Léon Gautier et les élèves de 1re L du lycée André Maurois à Deauville

Engagé dans la marine nationale puis dans le commando Kieffer, Léon Gautier a participé en première ligne au Débarquement puis à la Libération de la France.

Pour comprendre son patriotisme et sa volonté de servir son pays, il faut remonter à la prime enfance de Léon Gautier. Dans un milieu ouvrier de Rennes, celle-ci fut marquée par le souvenir douloureux de la Première Guerre mondiale. « Dans chaque maison, vous aviez sur le mur le portrait d’un ou deux disparus de la guerre 14-18 : un frère, un père, un petit-fils... On nous a appris à haïr l’Allemand. Et l’on se rendait compte des dommages qu’avait causés la guerre, que c’était une misère. On voyait des reportages sur la guerre d’Espagne. »

 
« J’ai appris la date du Débarquement avant le Général de Gaulle ! »

Impatient de partir à la guerre, comme la plupart de ses camarades, l’apprenti carrossier s’engage à 17 ans dans la marine nationale (l’armée de terre et l’aviation ne recrutaient à partir de 18 ans). Il prend part à ses premiers combats en 1940 en Normandie, puis sert en Afrique de l’Ouest et au Proche-Orient. En 1943, pour être certain de participer au Débarquement, il se porte volontaire dans le commando Kieffer en Angleterre.
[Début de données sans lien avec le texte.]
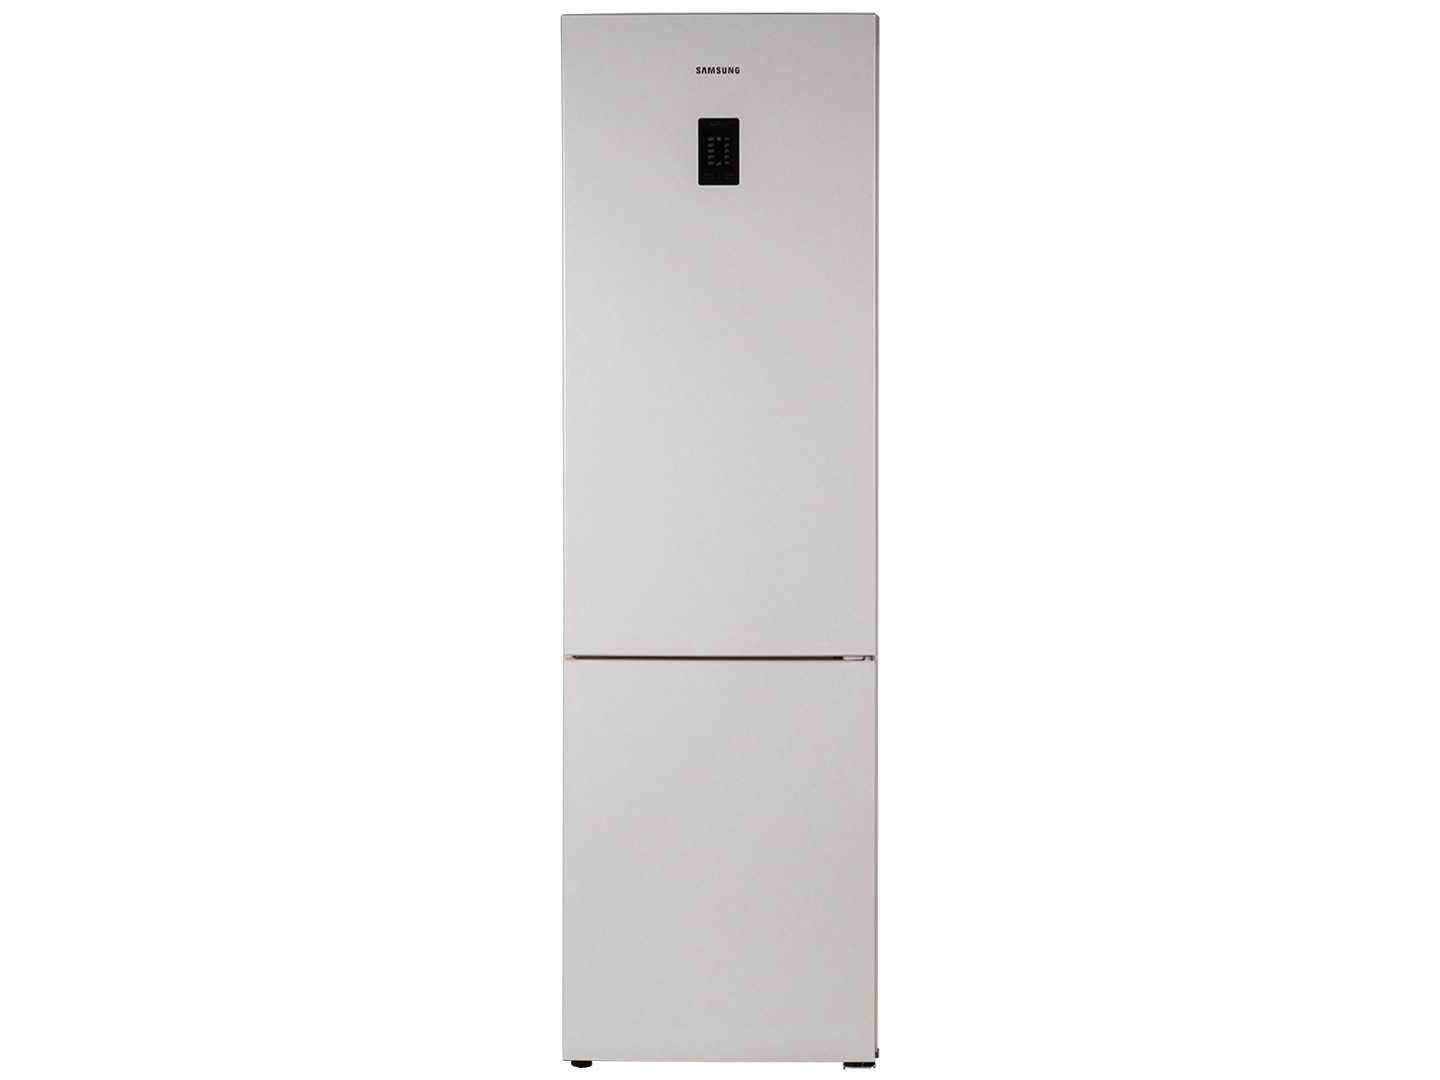 Обзор лучших моделей двухкамерных холодильников с зоной свежести lg ga-b489 yeqz, ga-b489 yvqz, samsung rb-37 j5200ww, bosch kgn39xl24
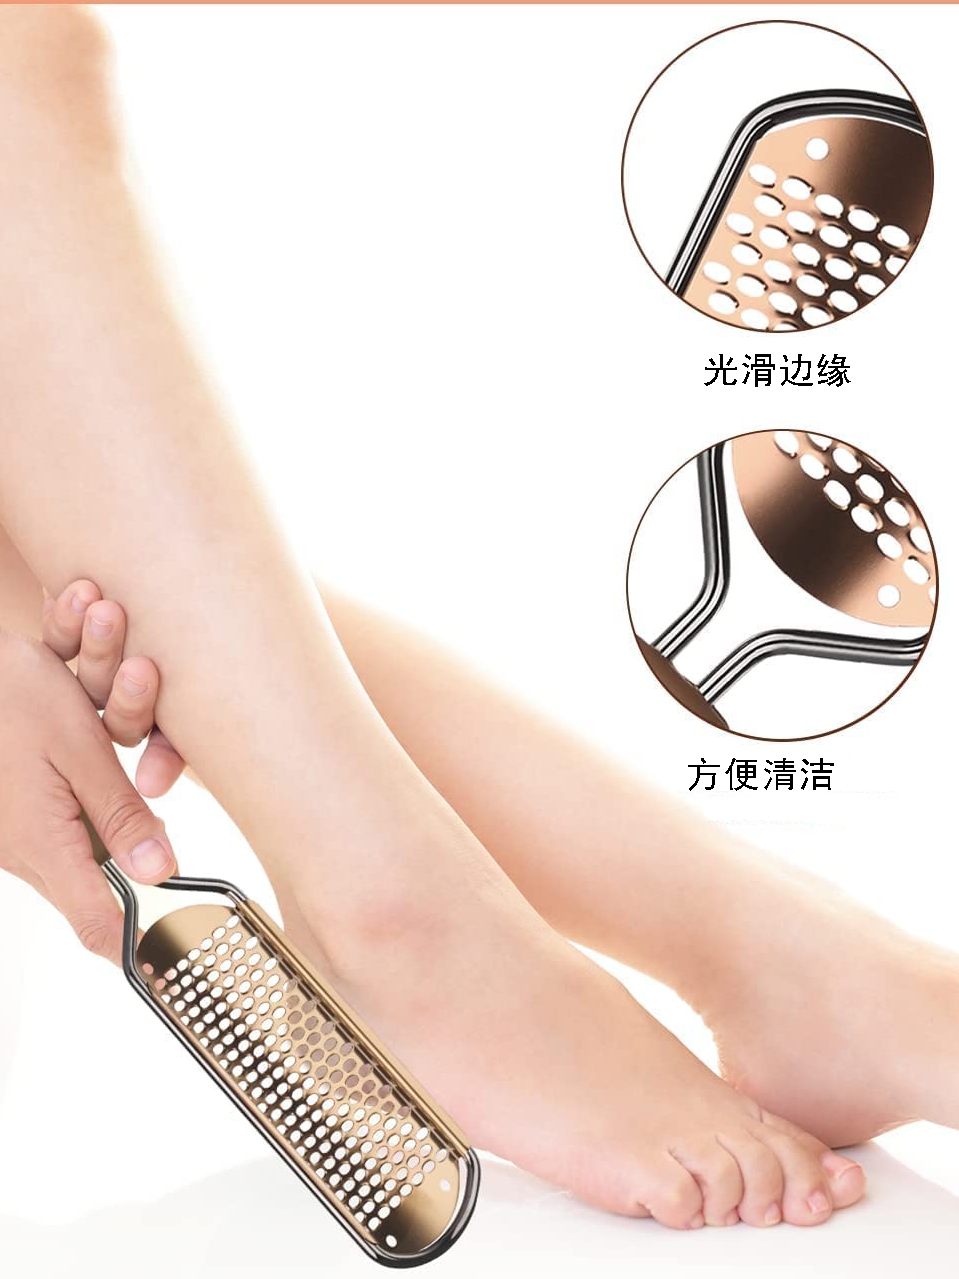 脚底光滑不锈钢脚板锉去脚皮硬茧搓脚板去脚皮刷足部角质清洁工具

Sélectionné, il est soumis à un entraînement extrêmement exigeant, « à balles réelles », en Écosse. « Porter le béret vert de commando est une grande fierté en Angleterre, même pendant la guerre, à tel point que les officiers britanniques nous saluaient dans la rue. » Léon Gautier et ses camarades sont cantonnés près de Southampton à l’approche du Jour-J, lorsqu’ils comprennent qu’ils débarqueront à Ouistreham. « On était privilégiés parce que l’Armée Française Libre n’avait pas été mise au courant. J’ai appris la date du Débarquement avant le Général de Gaulle ! s’exclame-t-il. « Nous étions très heureux de débarquer en France les premiers ! On voulait libérer notre pays, qu’on avait pour la plupart d'entre nous quitté quatre ans plus tôt. On était impatients : on rentrait chez nous ! » Le commando débarque finalement en première ligne à Colleville sur Orne (Sword Beach) et libère Ouistreham. « On était tellement entraînés que, pour nous, c'était un jour d'entraînement. » Puis il se bat aux marges du pays d'Auge, dans le secteur d'Amfreville et de Bavent.

« On nous a complètement oubliés après la guerre. »

Léon Gautier en janvier 1944
En septembre 1944, Léon Gautier est rapatrié en Angleterre, et le mois suivant épouse sa fiancée anglaise. Mais aux lendemains qui chantent, suit l’épreuve du retour à la vie civile. Démobilisé en août 1945, il revient quelques temps en France, mais faute de logement, repart vivre outre-Manche. Le « libérateur » se heurte également à l’absence de reconnaissance de ses concitoyens et de l’administration au point d’éprouver des difficultés à toucher des bons de rationnement et d’habillement. « On nous a complètement oubliés après la guerre. La France nous a oubliés ! » regrette-t-il. La discipline de fer à laquelle il a été rompu porte l’ex-fusilier marin à l’agressivité. « J'ai eu beaucoup de mal à m’en remettre, à être aimable comme j’aurais dû l’être. Se remettre dans la vie normale a été très dur ». En 1992 Léon Gautier s'installe à Ouistreham, tout près des côtes où il avait débarqué le 6 juin 1944. Il rencontre Johannes Borner quelques années plus tard. C'est le début d'une grande et belle amitié entre les deux ennemis d'hier.